On the other hand, Hamdaoui et al.¹¹ considered a low-fidelity model coupled with a GA to conduct the multi-objective optimization of propulsive efﬁciency. The performance optimization of forward flights by solving two-dimensional unsteady Navier–Stokes equations along with a GB algorithm is showed in the work of Tuncer and Kaya.¹² Milano and Gharib¹³ combined a GA with water towing tank experiments to identify the maximum average lift force. Ghommem et al.¹⁴ conducted kinematic optimization of a hovering flight to minimize the power consumption by linking two dimensional vortex lattice approach and the global-local optimization methods. The above approaches are restricted by two-dimensional due to low computational efficiency resultant of stochastic analysis. Culbreth et al.¹⁵ found that there is the issue of high computational cost. They also investigated an optimization method for unconstrained maximum propulsive efficiency by using a three-dimensional Navier–Stokes numerical solver with a GB algorithm, which was conducted on 256 central processing units (CPUs). In order to avoid high computational cost, Jones and Yamaleev¹⁶ carried out three-dimensional optimization with unsteady viscous flow by using the adjoint-based optimization method with a limited number of grids. Also, considering the high numerical cost encountered in CFD, Walker et al.¹⁷ addressed the thrust optimization with an analytical aerodynamic theory of a deforming airfoil. Zheng et al.¹⁸ investigated the optimal stroke amplitude of a hawkmoth with respect to lift force and power consumption by implementing a blade element model in a Navier–Stokes flow solver. The hovering kinematics of both rigid and flexible flapping wings were optimized using a surrogate-based approach.¹⁹ The aerodynamic model considered no spanwise flow with the two dimensional strip theory manner. In summary, the numerous computations involved in optimization are the main problem to overcome, especially when extended to the three-dimensional flow. This work therefore aims to investigate the optimal kinematic combinations of the fruit fly for high lift forces by combining the CFD and Taguchi methods.

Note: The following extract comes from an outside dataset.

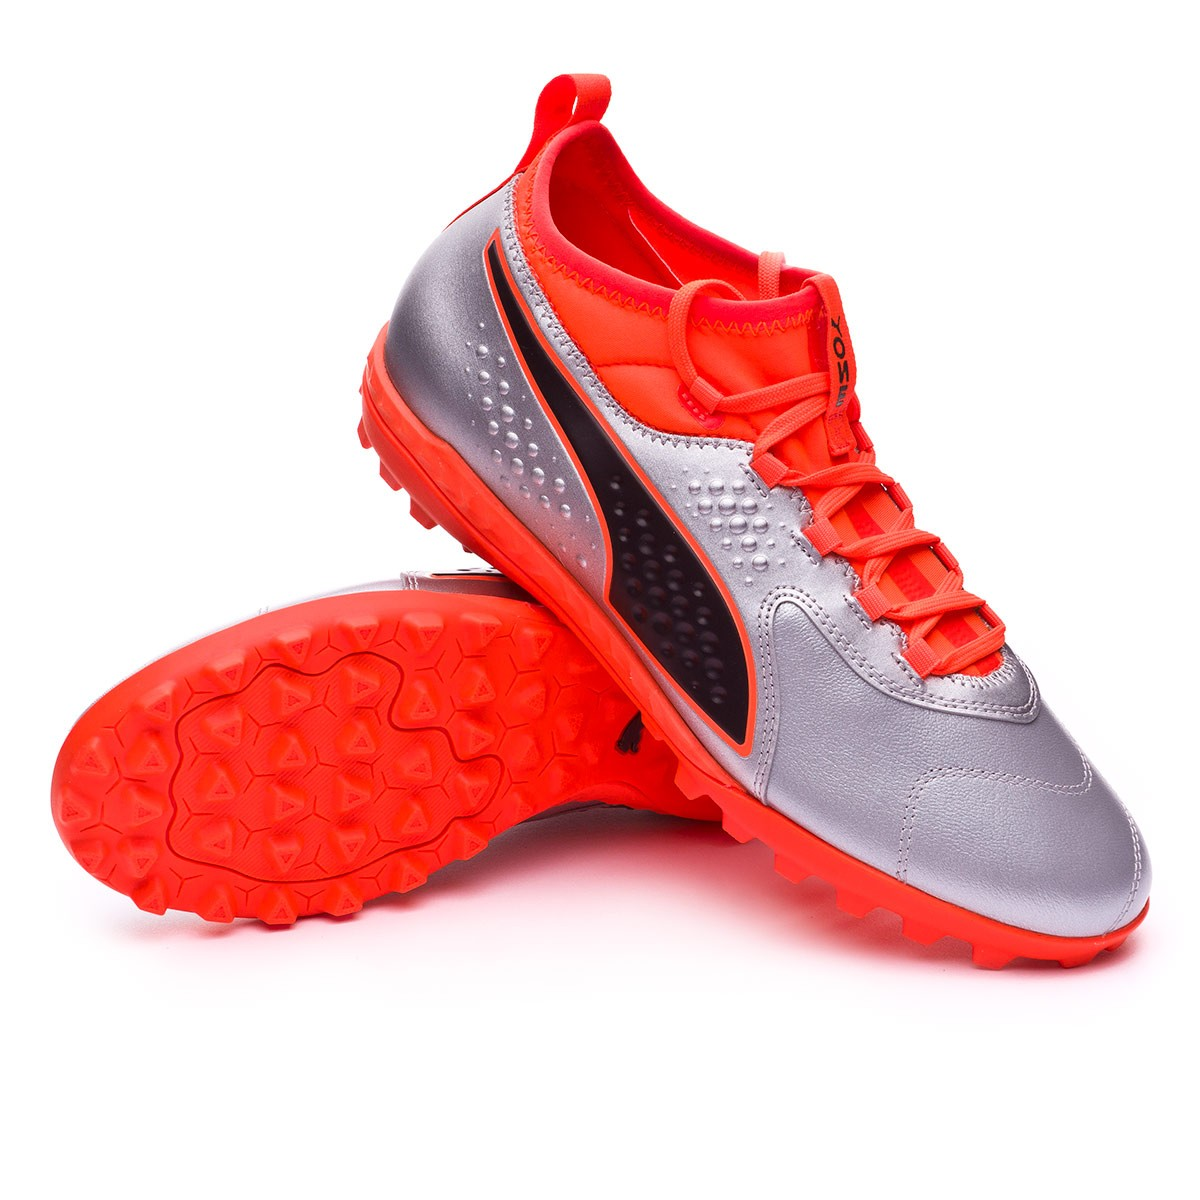 Football Boot Puma One 3 Leather TT

The Taguchi methods, developed by Genichi Taguchi in the 1950s, are statistical methods with the advantage of low cost and high efficiency. This method utilizes the specialized orthogonal to reduce the numbers of experiments and limit the arrangement.²⁰ The Taguchi methods allow the investigation of how different input factors affect the response mean and variation, and allow estimation of the most influential parameters.²¹ For the purpose of optimization, an adequate number of different combination cases are needed. By using rigorous and robust orthogonal arrays, the Taguchi methods could therefore help to find the influential parameters and reduce the number of simulation cases without a negative influence on the optimization results. Notably, the CFD simulation for each flapping case generally takes very long time to get accurate outcomes.

Materials and methods

A schematic plot of the methodology is shown in Figure 1, which is composed of a numerical modelling procedure and an optimization process. The CFD numerical procedure is first validated with the experimental data in previous literature. The validated numerical procedure is then used to calculate the lift forces for all cases in a Taguchi orthogonal array, followed by a statistical analysis to determine the most influential parameters and the corresponding response surface. Details on the methodology will be given in the following sections.

Figure 1.

Schematic plot of the research methodology.

Wing model

Wing model and wing kinematics

The wing configuration in this research, shown in Figure 2, is mainly constructed based on the robotic fruit fly in the experiments of Dickinson et al.,⁵ while the wing cross sections have been slightly modified from rectangles to ellipses in order to obtain a smooth flow field. The wing length R is 0.25 m, and the wing area S is 0.0167 m².

Figure 2.

Wing model for numerical simulation.

In order to validate the numerical method, this research uses two baseline cases for comparison purposes with the original experimental data. These two baseline cases only differ in the wing trajectories and follow those in the experiments of Dickinson et al.⁵ and the numerical study of Sun and Tang.⁶ Only two motions were considered: the translation motion (flapping motion) and the wing rotation motion (pitching motion), denoted by the stroke angle $φ (t)$ and the angle of attack $α (t)$ , as shown in Figure 3. The kinematic expressions with respect to time for $φ (t)$ and $α (t)$ are given by

φ (t) = {φ_{m} \sin - 1 K}_{φ} \sin - 1 [K_{φ} \sin (2 π ft)]

(1)

α (t) = α_{m} \tanh K_{α} \tanh [K_{α} \sin (2 π (ft + Δ T))]

(2)

where

K_{φ}

and

K_{α}

are the effect numbers for shape changes of the kinematics.²²

K_{φ} = 0.963

and

K_{α} = 1.911

are selected for this research to accord the wing trajectory in the experiments of Dickinson et al.⁵ As illustrated in Figure 3E from Dickinson et al.,⁵ three different rotation types, advanced, symmetrical and delayed rotations, are used to illustrate the phase differences between

φ (t)

and

α (t)

Δ T = + 0.08

for the advanced baseline case (Case 1) and

Δ T = 0

for the symmetrical baseline case (Case 2).

Figure 3.

Illustration of kinematic parameters and coordinate systems of a robotic flapping wing.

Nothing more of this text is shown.